─── DATA PROVIDED
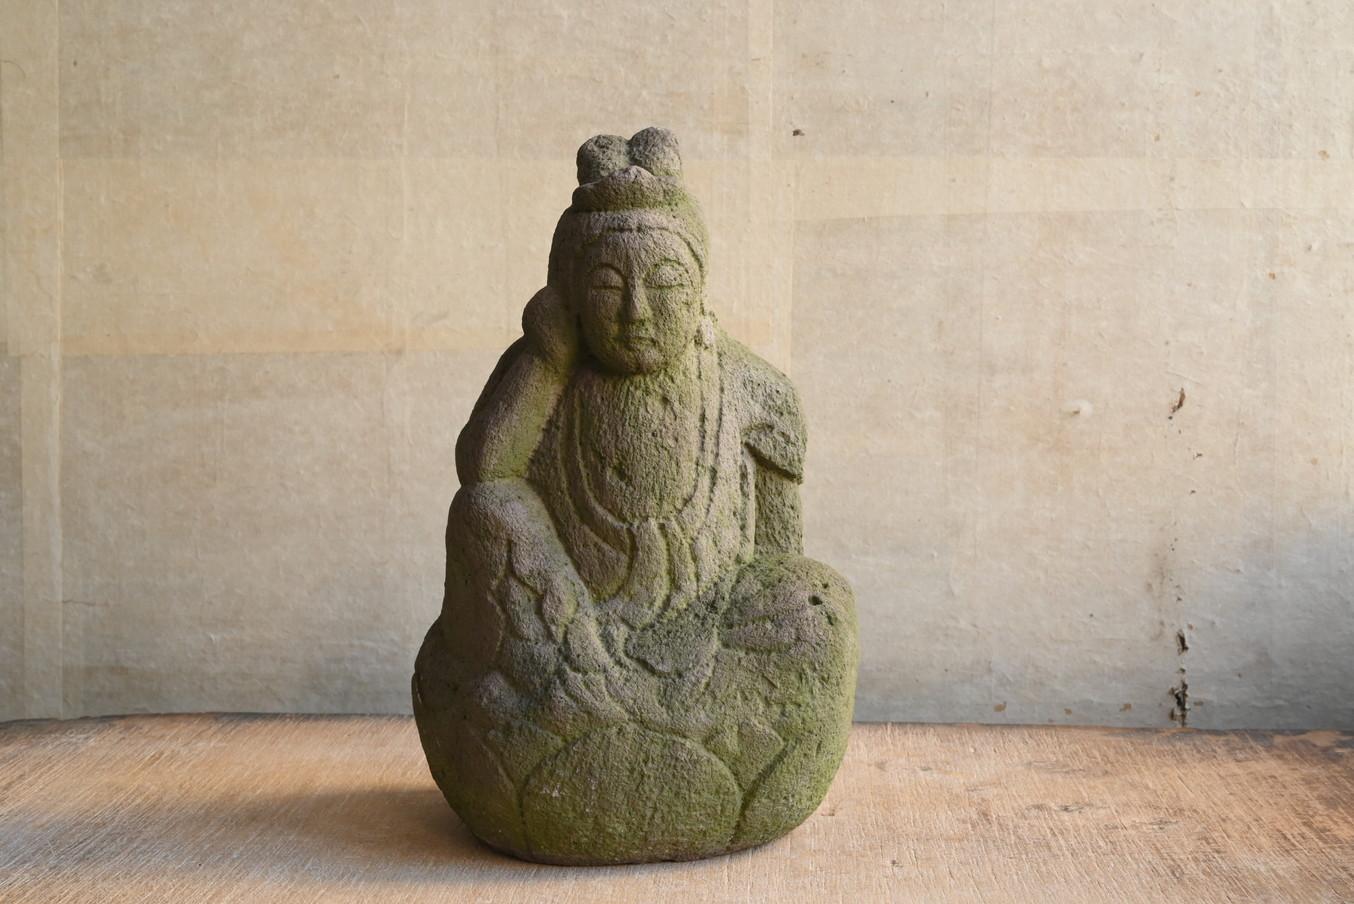 Hand-Carved Japanese antique stone Buddha/1750-1850/Edo period/Nyoirin Kannon Bodhisattva
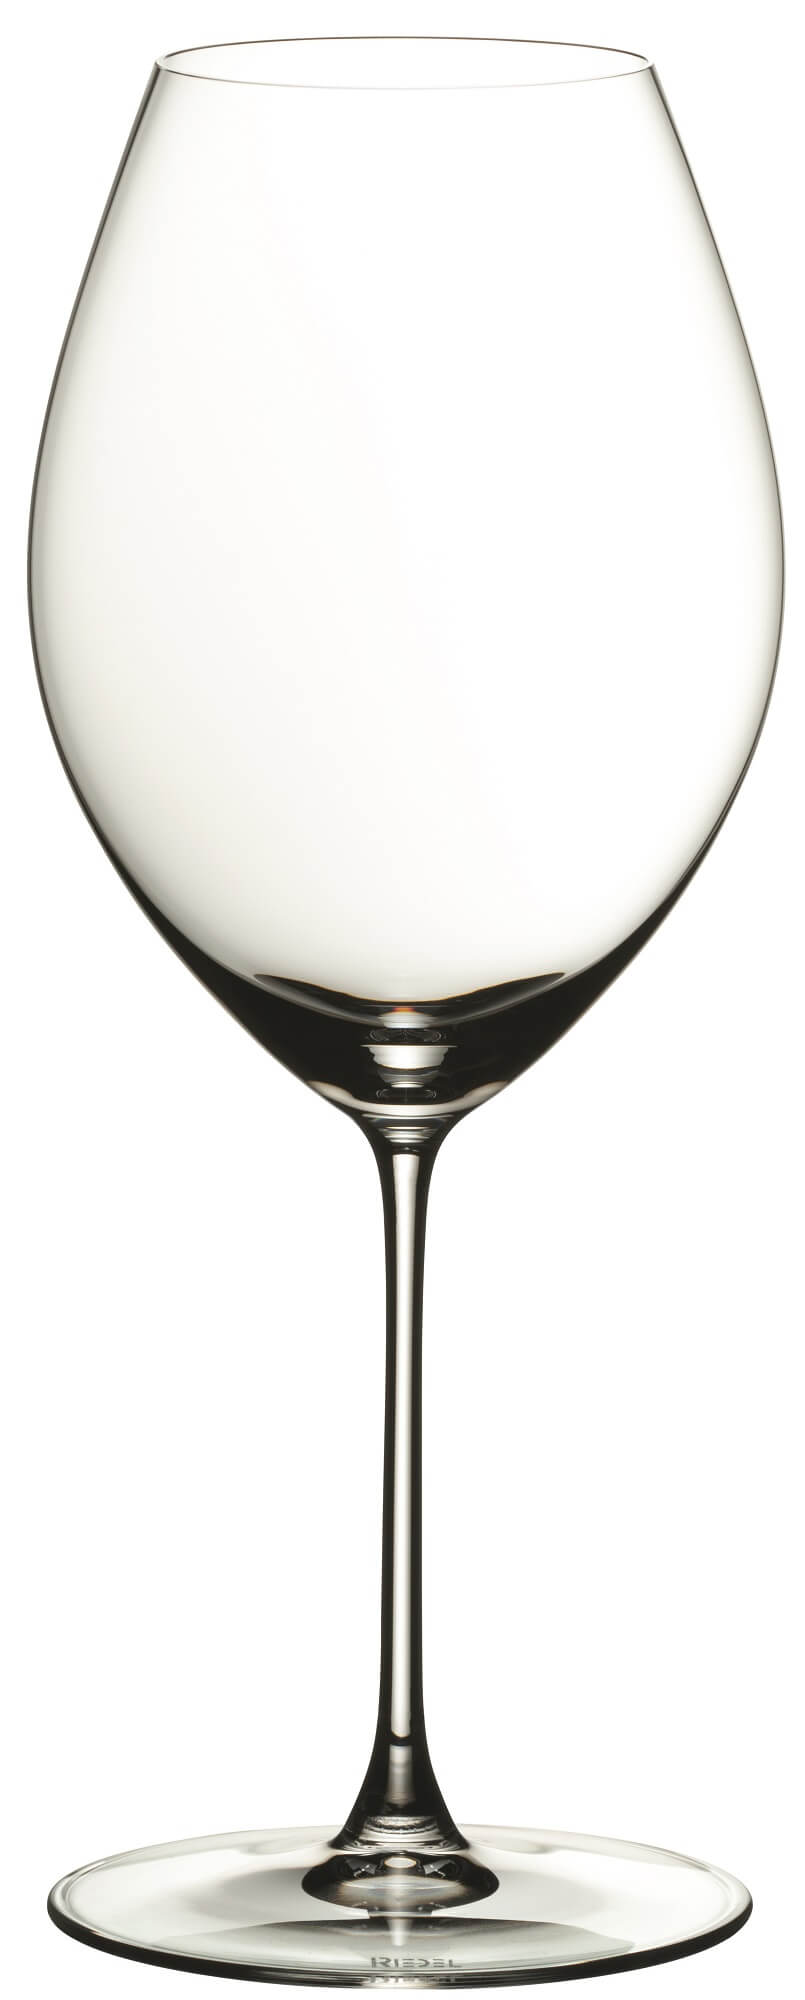 Old World Syrah glass Veritas, Riedel - 600ml (2 pcs.)
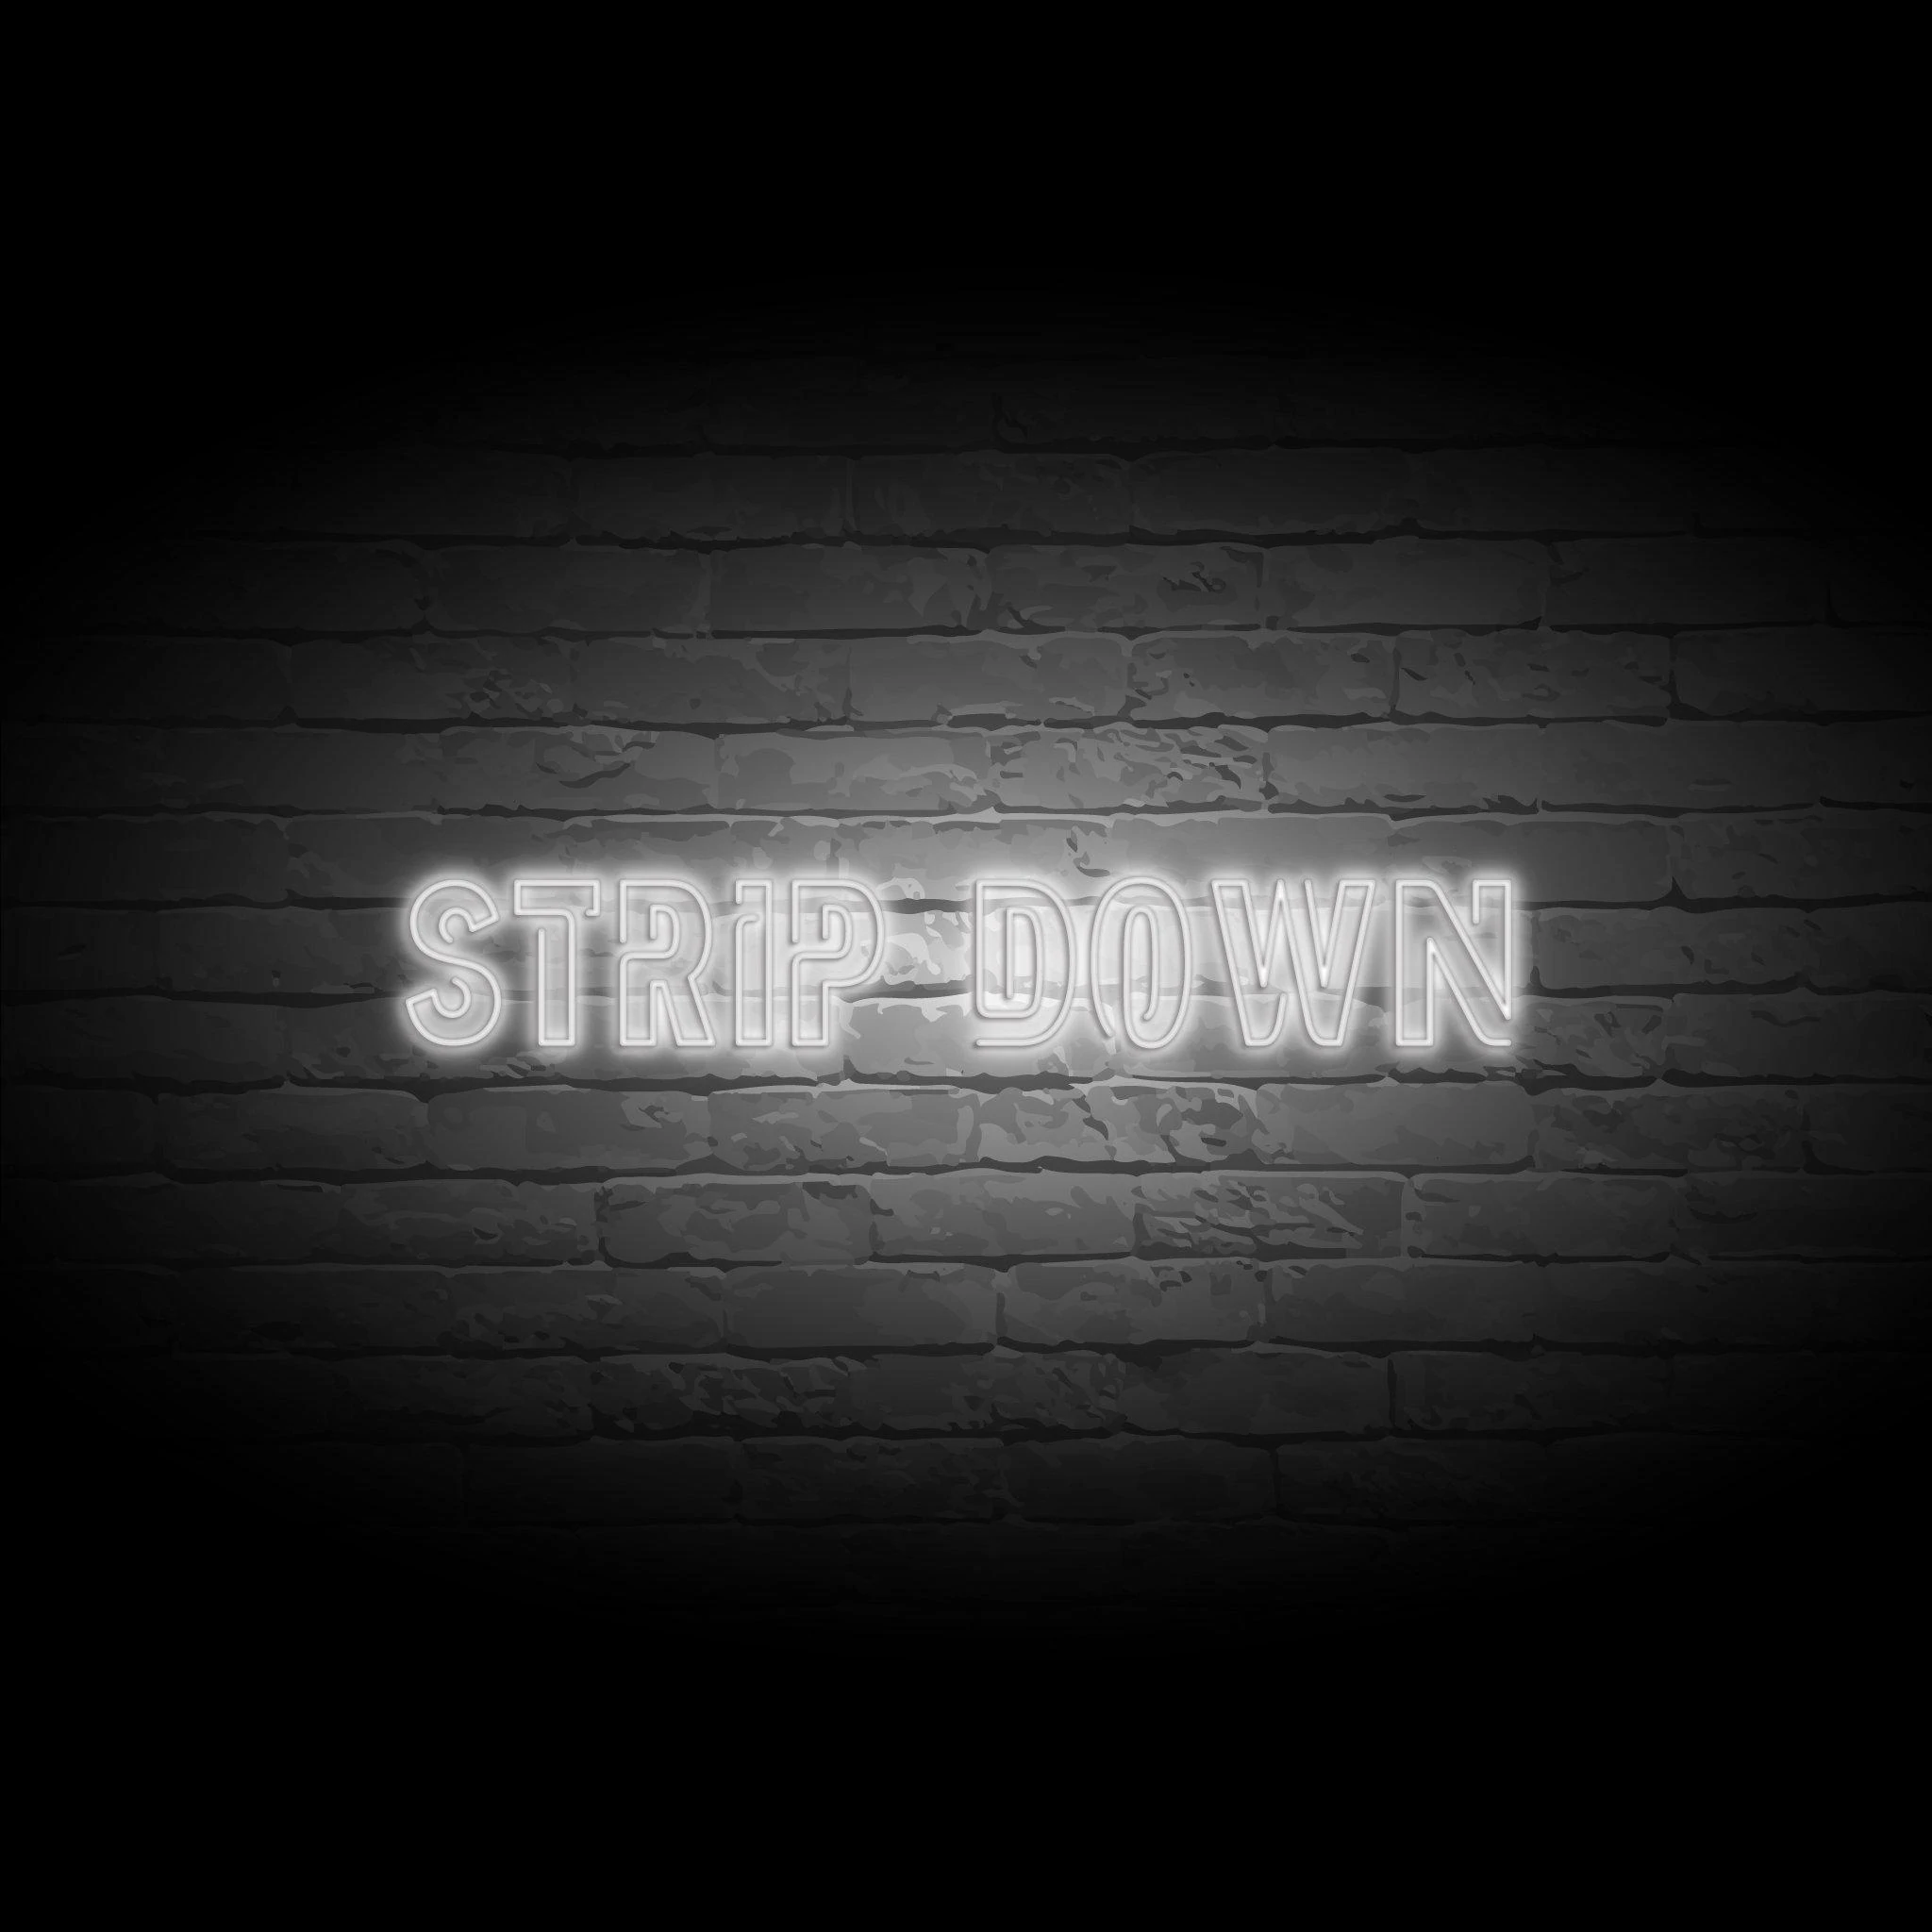 'STRIP DOWN' NEON SIGN
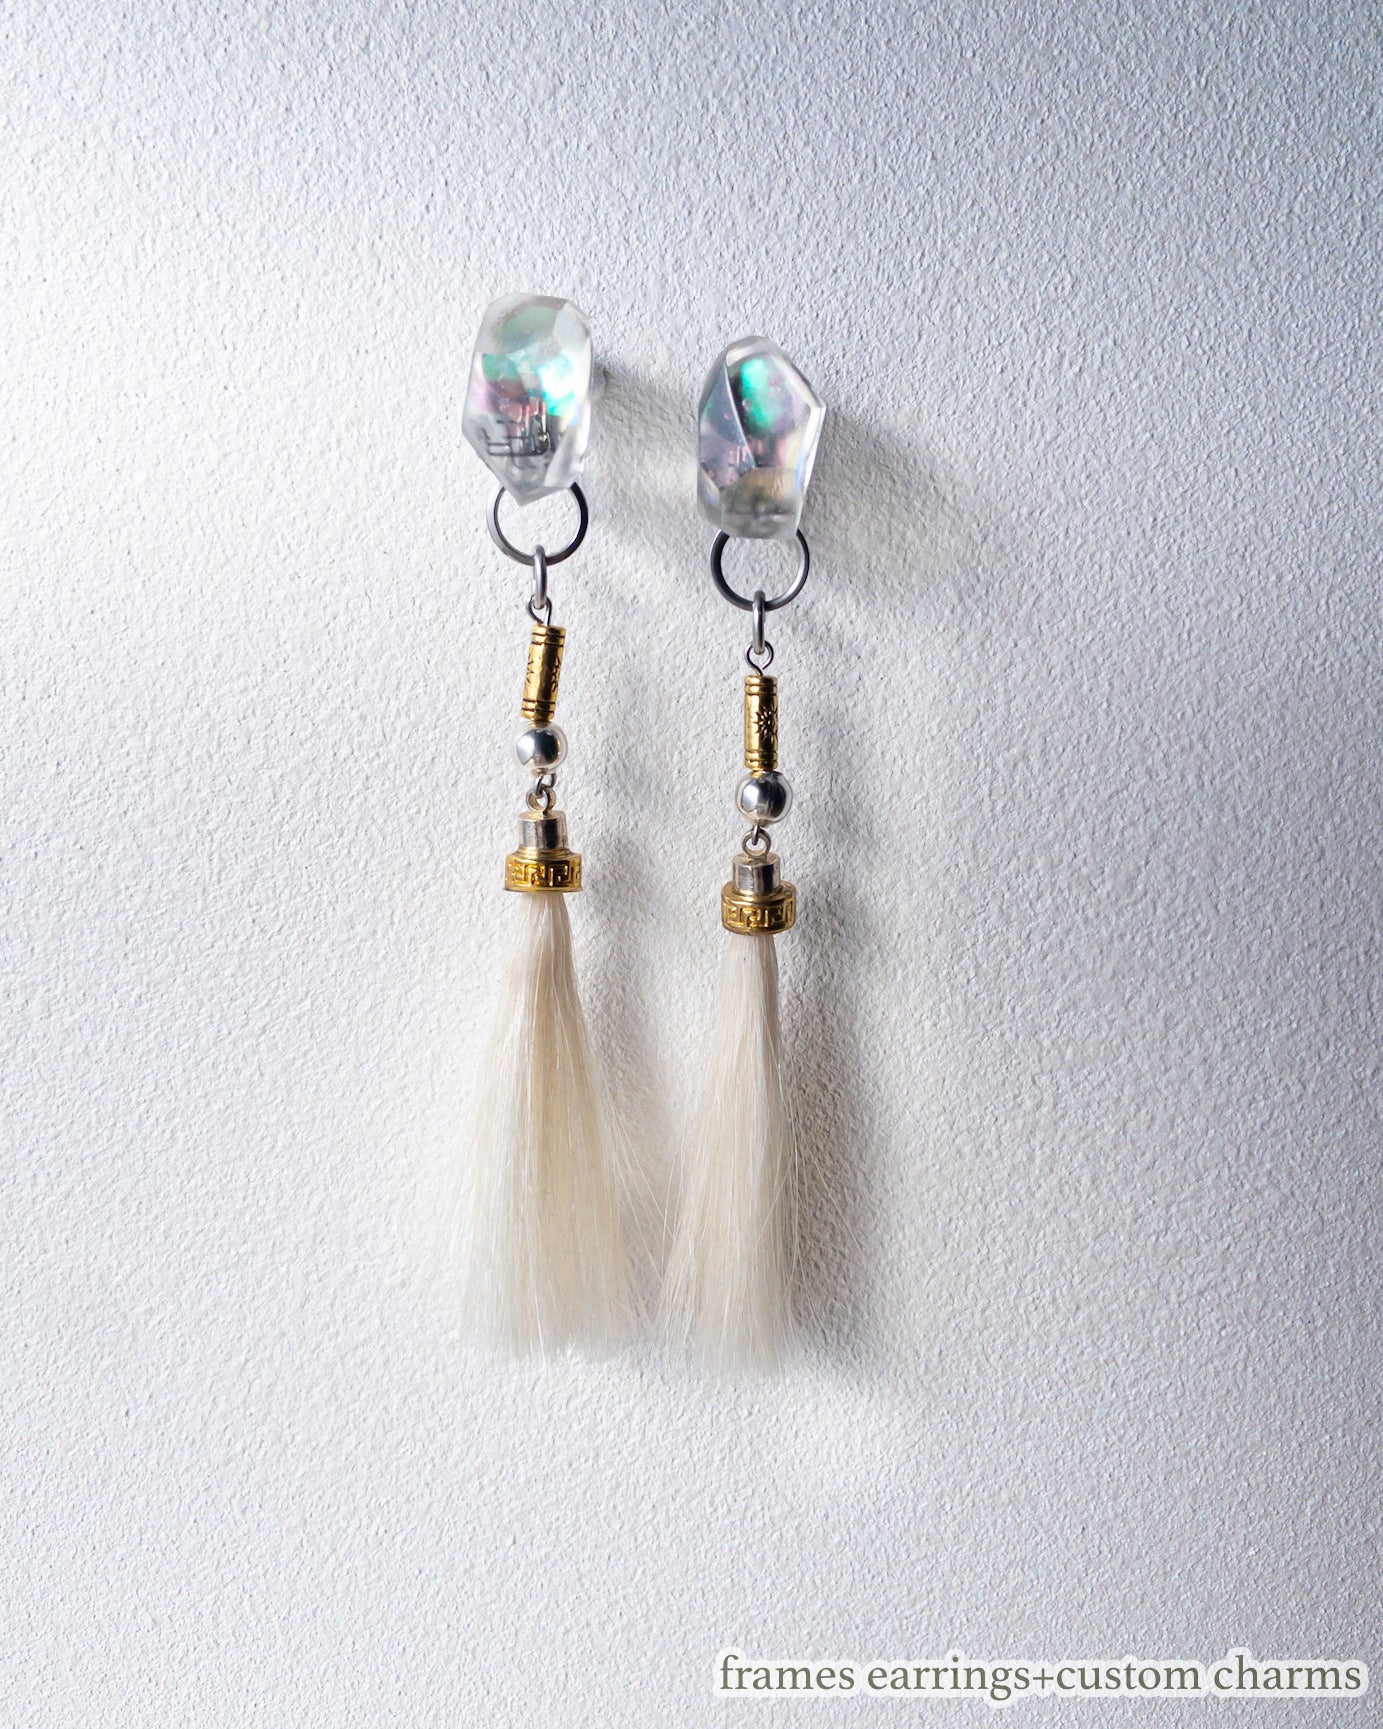 Frames earrings/crystals/Alice in wonderland_frost clear 7-b
──────
• **DIRECTIONS**
Without any pictures, repeat the listing exactly.

• **ANSWER AREA**
 Hand-Carved Japanese antique stone Buddha/1750-1850/Edo period/Nyoirin Kannon Bodhisattva
 Old World Syrah glass Veritas, Riedel - 600ml (2 pcs.)
 'STRIP DOWN' NEON SIGN
 Frames earrings/crystals/Alice in wonderland_frost clear 7-b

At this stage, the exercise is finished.